The dataset contains all paper titles, authors and their affiliations from the years
- ICML: 2017-2023
- NeurIPS: 2006-2022
- ICLR: 2018-2023 (except 2020)
The earliest years are always the years in which the respective conference introduced the web interface which this script is compatible with.
Conference,Year,Title,Author,Affiliation
NeurIPS,2006,Attentional Processing on a Spike-Based VLSI Neural Network,Yingxue Wang,"Swiss Federal Institute of Technology, Zurich"
NeurIPS,2006,Attentional Processing on a Spike-Based VLSI Neural Network,Rodney J Douglas,Institute of Neuroinformatics
NeurIPS,2006,Attentional Processing on a Spike-Based VLSI Neural Network,Shih-Chii Liu,"Institute for Neuroinformatics, University of Zurich and ETH Zurich"

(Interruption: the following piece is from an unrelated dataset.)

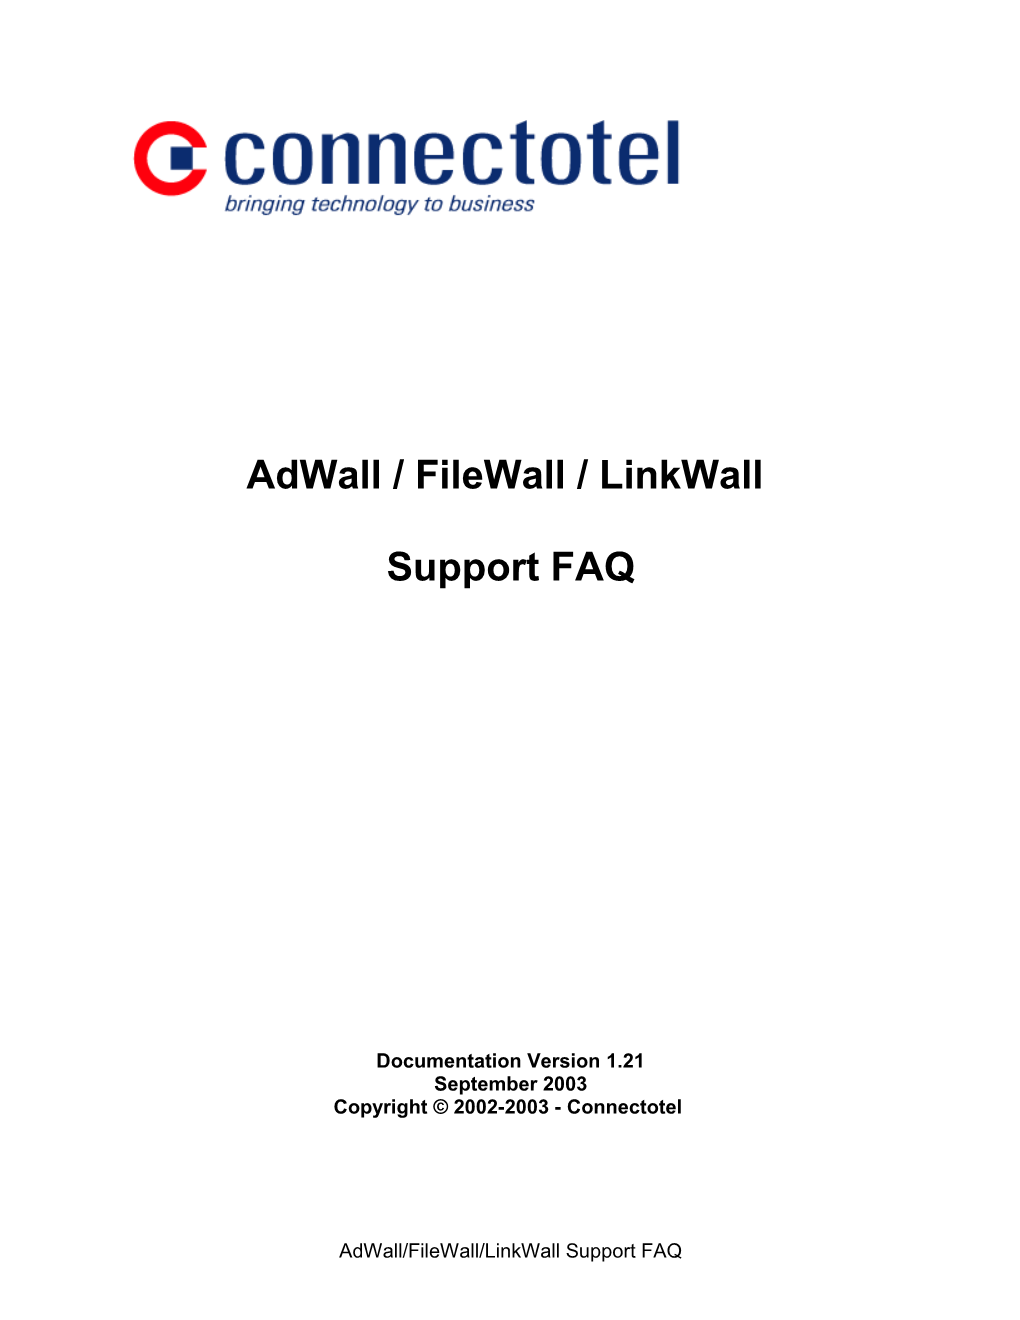 Adwall/Filewall/Linkwall Support FAQ

NeurIPS,2006,Multi-Task Feature Learning,Andreas Argyriou,Ecole Centrale de Paris
# ...
In 2020 the corona virus spread over the world and forced the conferences to adopt a new virtual format. ICLR decided to announce the conference schedule via a separate page for just this one year. For 2021 their schedule includes poster sessions for all papers again as usual. This alternate schedule page is not covered by the scraping script which is why there are no papers for ICLR2020.

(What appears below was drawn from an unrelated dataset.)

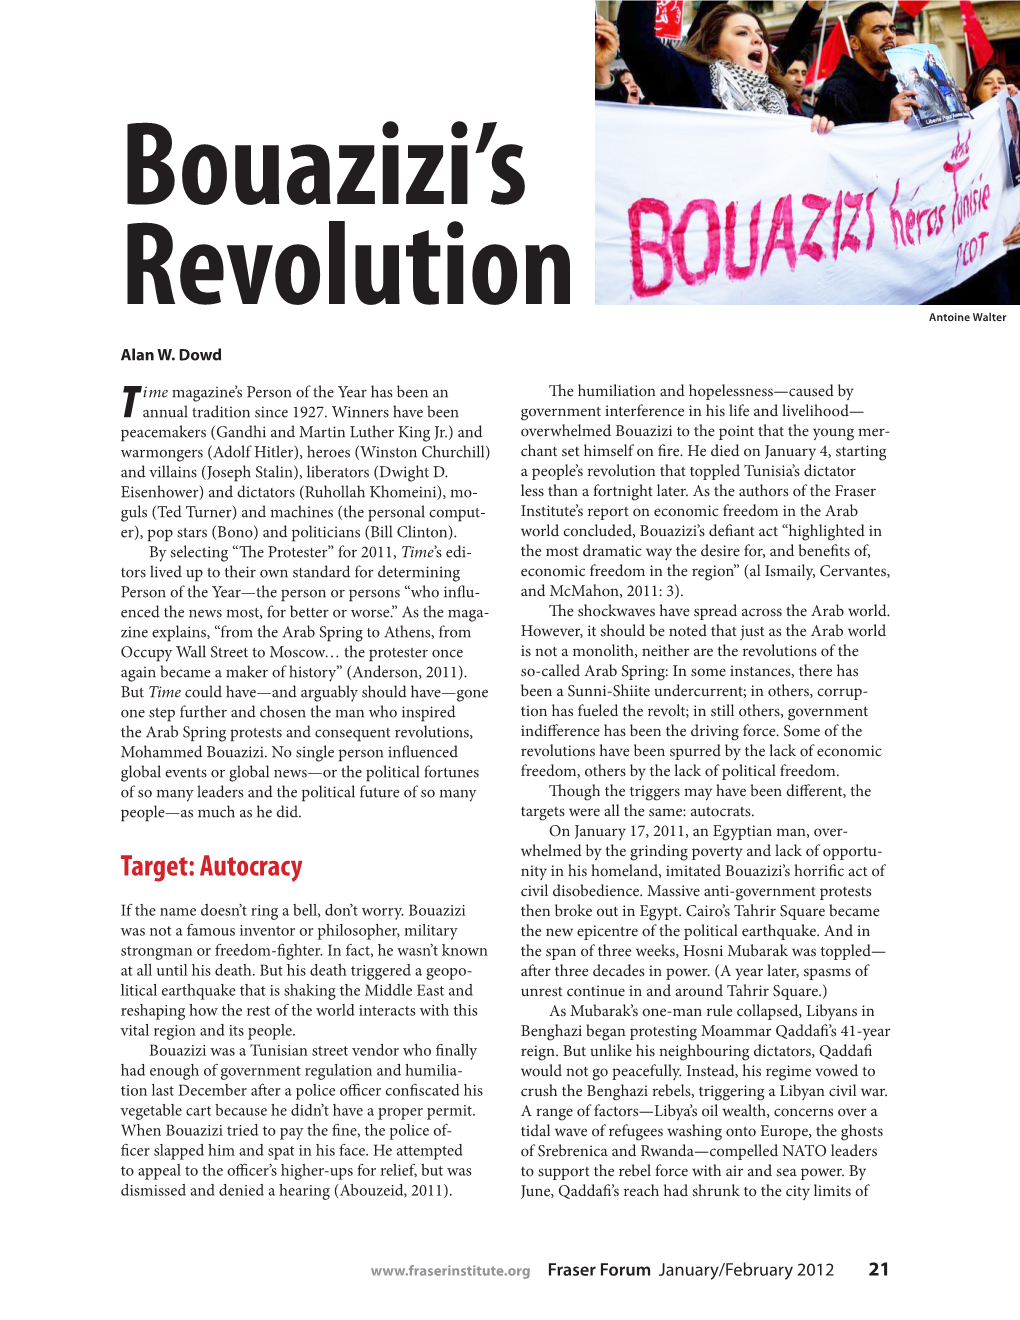 Bouazizi's Revolution

The first and definitely correct option is to re-scrape the whole dataset as in the following example.
python scrape.py 2006-2021
A faster alternative is just scraping the new data and appending it to the CSV file.

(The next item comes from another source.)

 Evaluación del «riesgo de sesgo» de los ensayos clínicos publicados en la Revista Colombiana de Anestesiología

python scrape.py --output update.csv 2019-2021
cat update.csv >> papers.csv
The file is sorted by year, so appending at the end keeps the order in tact. However, you need to take care that you do not end up with duplicate entries. Let's say that the current file contains all papers until 2019 but when the file was created, only ICLR had happened yet. If you then later scrape 2019 again to add the other conferences as above, you would get the ICLR papers twice.